[DATA]

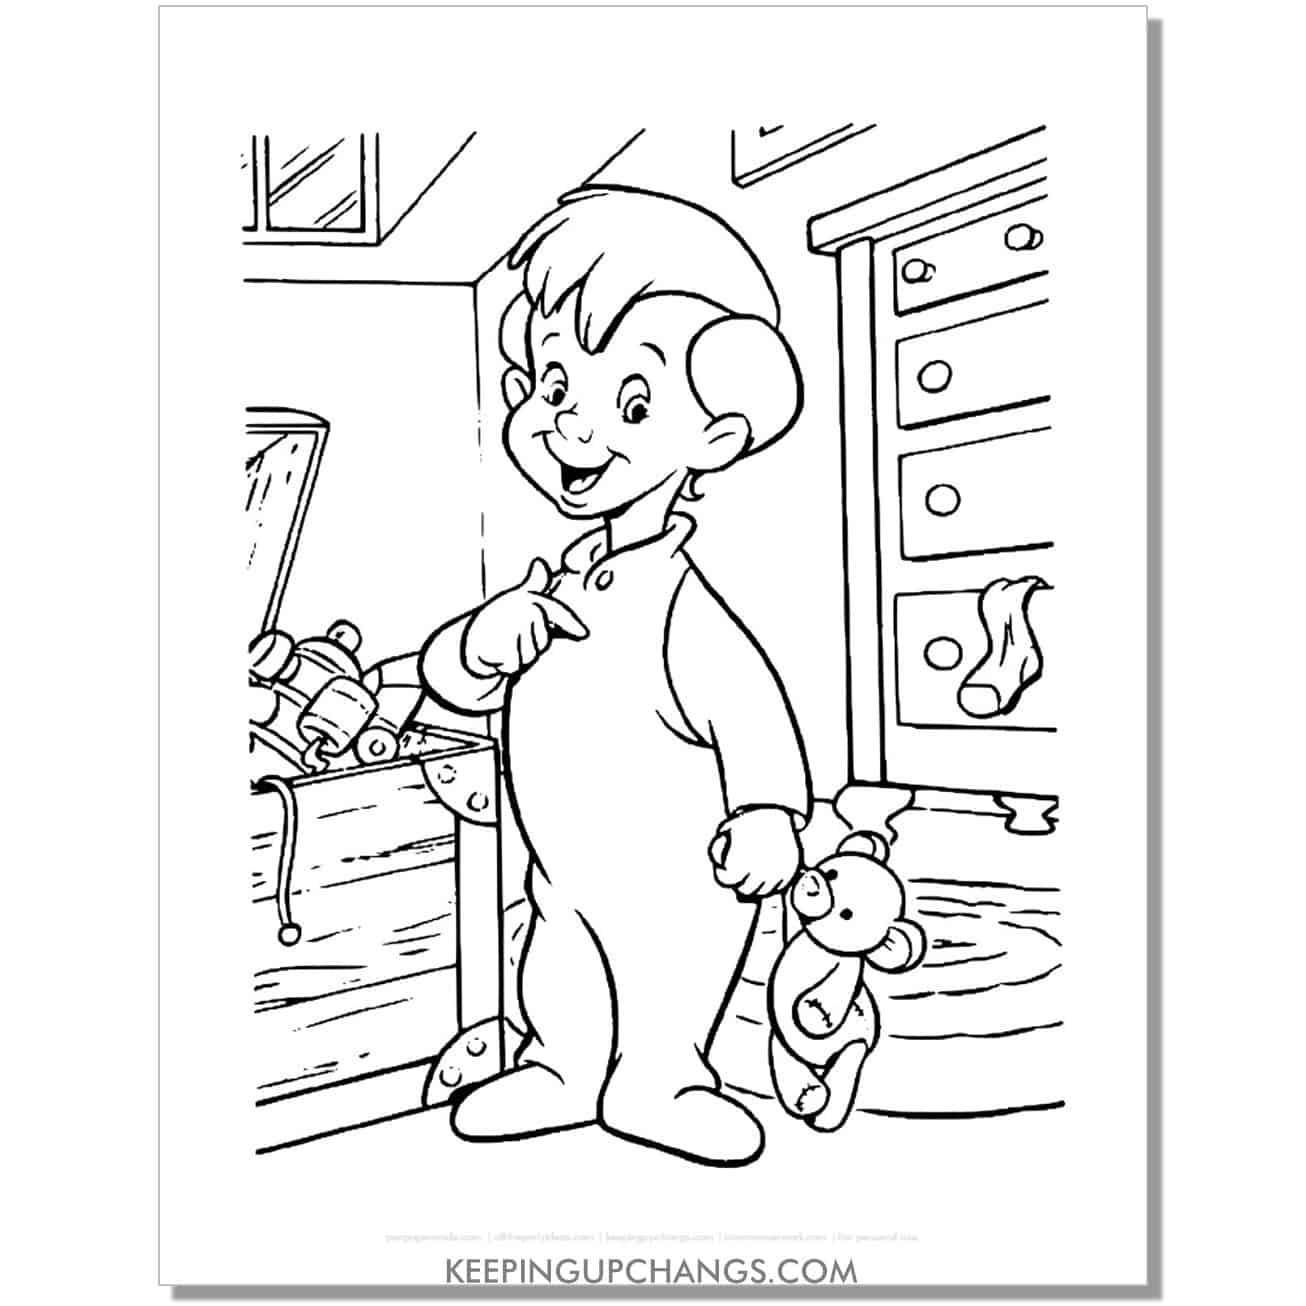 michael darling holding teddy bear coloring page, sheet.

==

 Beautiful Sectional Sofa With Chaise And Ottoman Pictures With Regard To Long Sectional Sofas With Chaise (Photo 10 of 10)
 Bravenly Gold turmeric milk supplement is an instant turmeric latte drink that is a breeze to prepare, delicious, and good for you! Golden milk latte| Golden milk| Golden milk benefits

[AIM OF THE EXERCISE]
Everything above from the line containing "Beautiful Sectional Sofa" down to the line containing "Bravenly Gold turmeric" is to be transcribed exactly, with both of those lines included and nothing else added.

[ANSWER AREA]
 Beautiful Sectional Sofa With Chaise And Ottoman Pictures With Regard To Long Sectional Sofas With Chaise (Photo 10 of 10)
 Bravenly Gold turmeric milk supplement is an instant turmeric latte drink that is a breeze to prepare, delicious, and good for you! Golden milk latte| Golden milk| Golden milk benefits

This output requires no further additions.